ASSIGNMENT:
Omitting all images, transcribe the listing word for word.

MATERIAL PROVIDED:
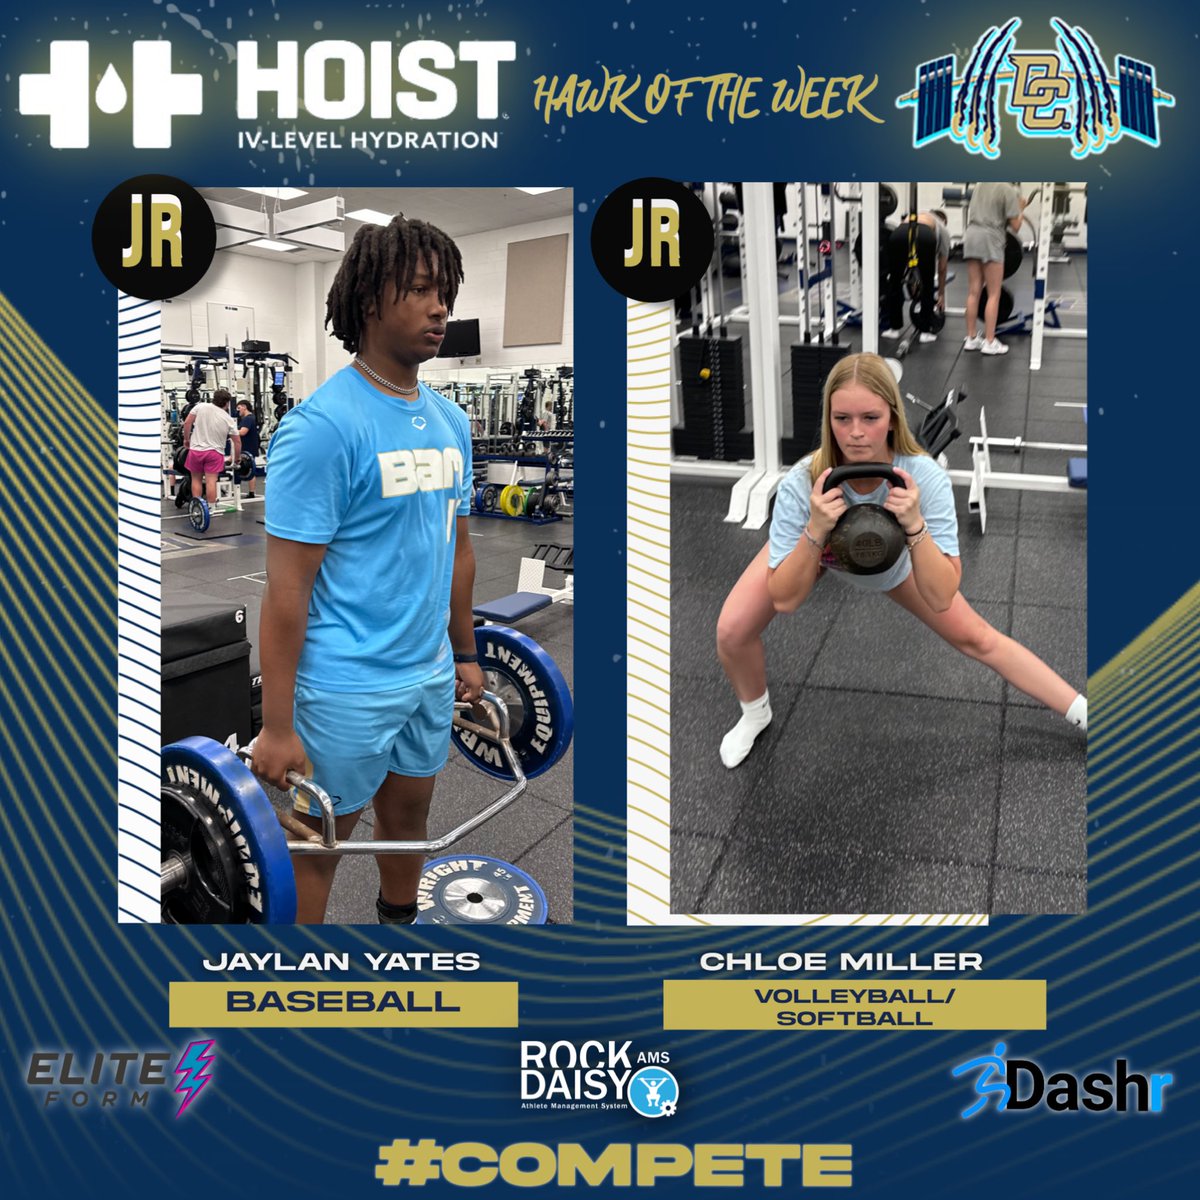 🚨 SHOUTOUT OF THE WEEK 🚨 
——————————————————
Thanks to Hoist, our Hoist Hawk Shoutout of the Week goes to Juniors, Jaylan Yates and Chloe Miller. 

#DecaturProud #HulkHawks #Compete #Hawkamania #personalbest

ANSWER SECTION:
 🚨 SHOUTOUT OF THE WEEK 🚨 
——————————————————
Thanks to Hoist, our Hoist Hawk Shoutout of the Week goes to Juniors, Jaylan Yates and Chloe Miller. 

#DecaturProud #HulkHawks #Compete #Hawkamania #personalbest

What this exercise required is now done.